For even granite itself must grow weary at last! Of what master, then,
do they await the coming, to leave their mountain-seats and rise in
token of respect? Of what invisible flock are those huge sphinxes the
guardians, crouching like dogs on the watch, that they never close their
eyelids, and forever extend their claws in readiness to seize? Why are
their stony eyes so obstinately fixed upon eternity and infinity? What
weird secret do their firmly locked lips retain within their breasts?

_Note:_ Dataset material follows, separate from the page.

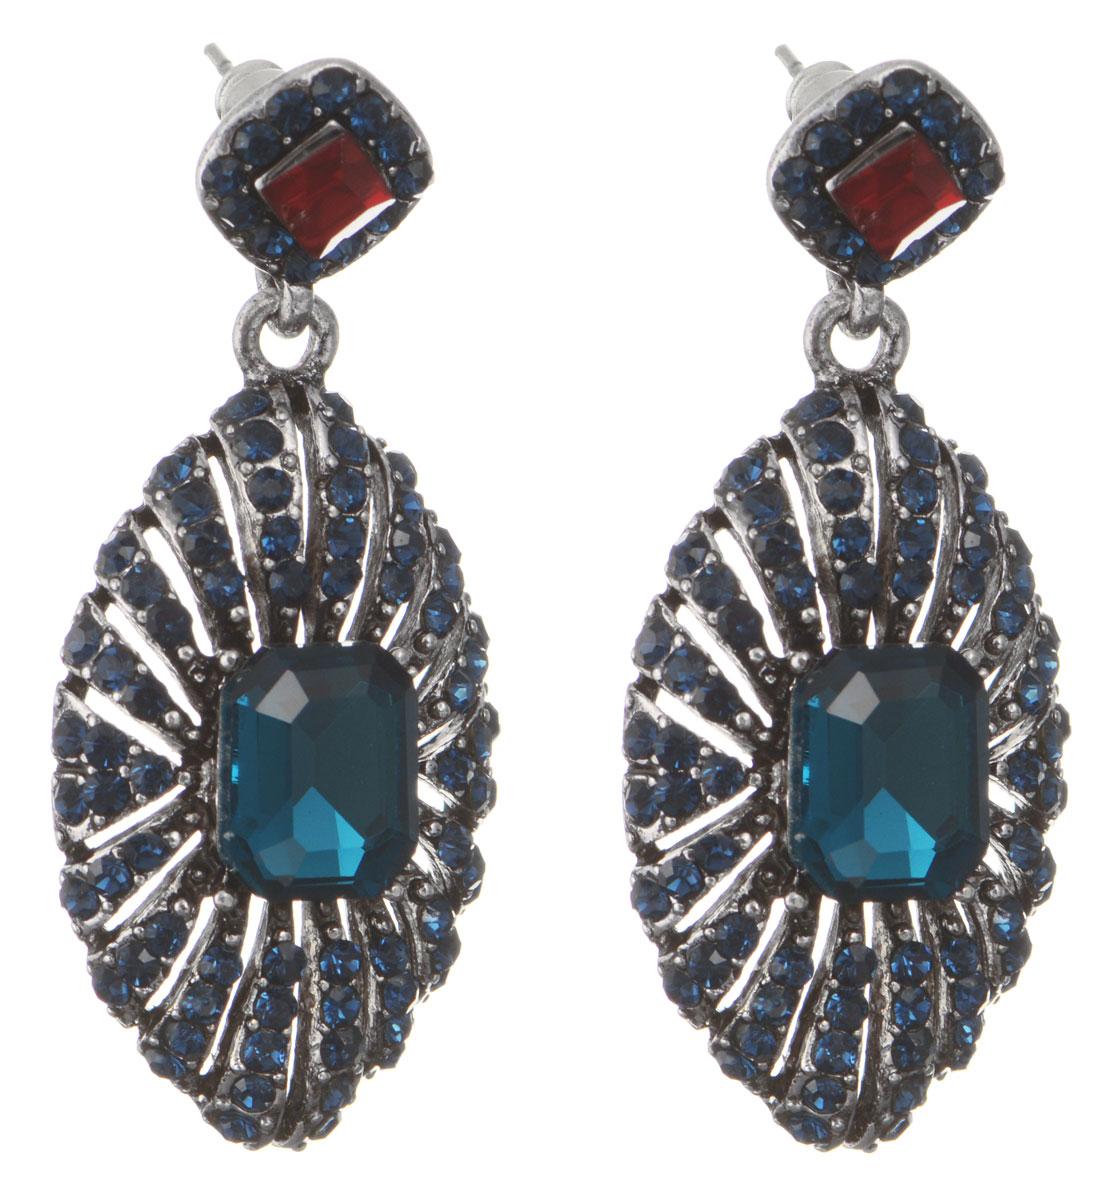 Серьги Taya, цвет: серебристый, синий. T-B-10556-EARR-D.BLUET-B-10556-EARR-D.BLUEОригинальные серьги Taya, выполненные из металлического сплава в виде подвесок овальной формы щедро декорированных крупными и мелкими стразами, придадут вашему образу изюминку, подчеркнут красоту или преобразят повседневный наряд. Застегиваются на замок-гвоздик с пластиковой заглушкой. Такие серьги позволит вам с легкостью воплотить самую смелую фантазию и создать собственный, неповторимый образ.
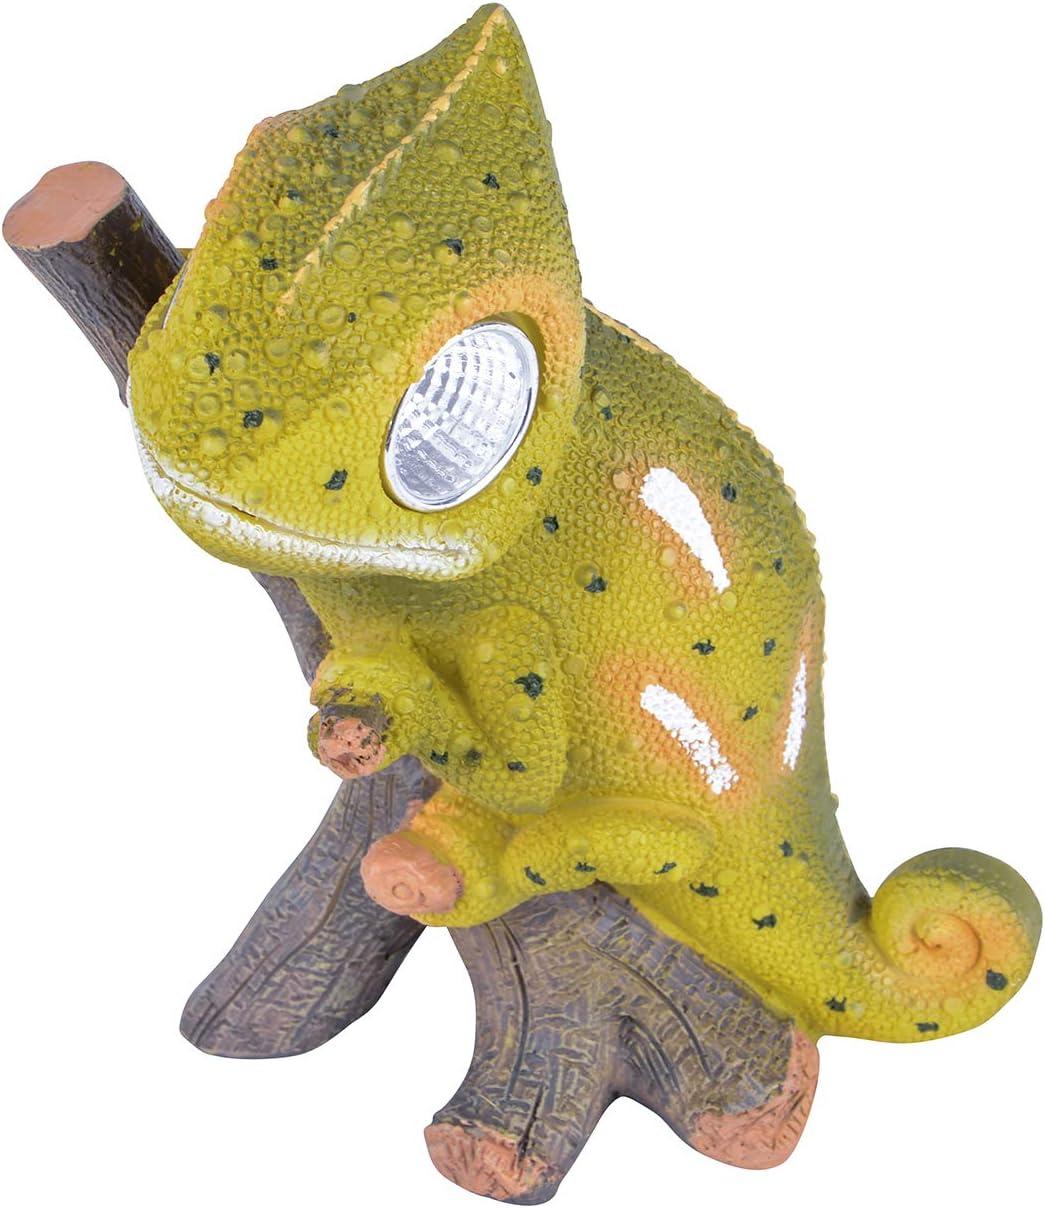 RM S de Commerce Solar Ojos Led Animales Camaleón como Figura de jardín con iluminación Solar: Amazon.es: Jardín

On
the right hand, on the left, whithersoever one turns, only frightful
monsters are visible—dogs with the heads of men; men with the heads of
dogs; chimeras begotten of hideous couplings in the shadowy depths of
the labyrinths; figures of Anubis, Typhon, Osiris; partridges with great
yellow eyes that seem to pierce through you with their inquisitorial
gaze, and see beyond and behind you things which one dare not speak
of—a family of animals and horrible gods with scaly wings, hooked
beaks, trenchant claws, ever ready to seize and devour you should you
venture to cross the threshold of the temple, or lift a corner of the
veil.
    "Upon the walls, upon the columns, on the ceilings, on the floors, upon
palaces and temples, in the long passages and the deepest pits of the
necropoli, even within the bowels of the earth where light never comes,
and where the flames of the torches die for want of air, forever and
everywhere are sculptured and painted interminable hieroglyphics,
telling in language unintelligible of things which are no longer known,
and which belong, doubtless, to the vanished creations of the
past—prodigious buried works wherein a whole nation was sacrificed to
write the epitaph of one king! Mystery and granite—this is Egypt! Truly
a fair land for a young woman, and a young queen.